As readers of the Clemmons Courier know, the state legislative process was on its way to approving the de-annexation except that Clemmons Council member Mike Combest went to Raleigh to stand up for Clemmons and oppose the de-annexation. He had to do that more than once and sometimes on extremely short notice. Had he not gone to Raleigh to speak on behalf the Clemmons Council’s resolution in opposition the state’s bill, the land would have been legislated away from Clemmons.
— Paul Johnson
I hope that the voters in Clemmons now realize what happened to them in the last council election. Some citizens and businesses bought into and jumped on the “No Median” campaign for no good reason (as the results show). Past council would have taken an objective view and do what would be in the best interest of the Village of Clemmons.
When Mike Rogers is elected in November, then he will be “re-elected,” having served on the Clemmons Village Council in the past. He won the first election as a write-in candidate (two years) and was re-elected for another (four-year) term. Unfortunately for Clemmons, he and others got passed by the “No Median” campaign railroad deal.
Let’s support Larry Kirby for mayor and Mike Rogers for council member in this November election.
— Ron Riddle
Vote for Mary Cameron
Election day is upon us again and while this is not a national election, the local elections are of utmost importance. Make time to vote and do your part to see that Clemmons continues to be the best place to live. Voting is a privilege and a responsibility.

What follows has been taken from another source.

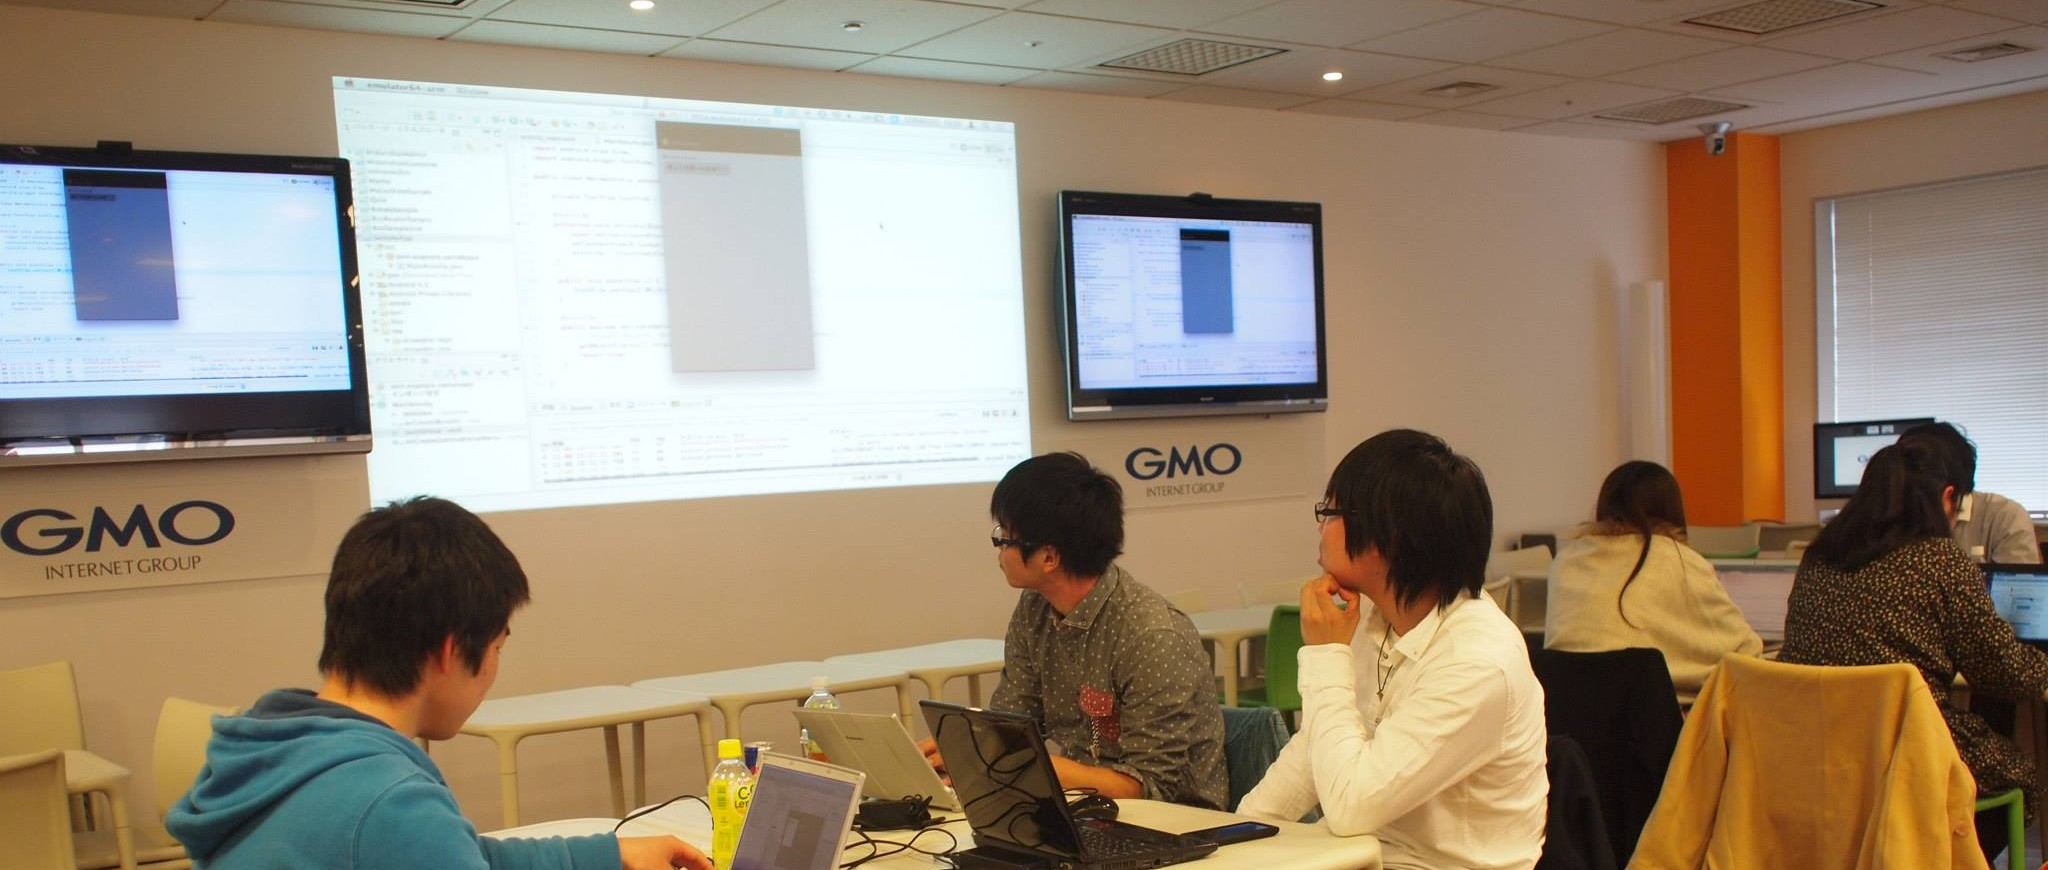 第一回学生部 Android勉強会 @GMO Yours on 12/8

Mary Cameron, a proven leader in the community, having served on the council 24 years, is running for a seat on the council. We need to elect Mary. Clemmons deserves quality leadership. She is highly qualified and her sound guidance is needed. She will provide responsive municipal government, support a low tax rate while efficiently using our tax dollars and she will work to assure a safe environment for our village. Mary will be an excellent leader, listener and resource for Clemmons residents. Mary wants what is best for Clemmons.
Please vote for Mary Cameron Nov. 5.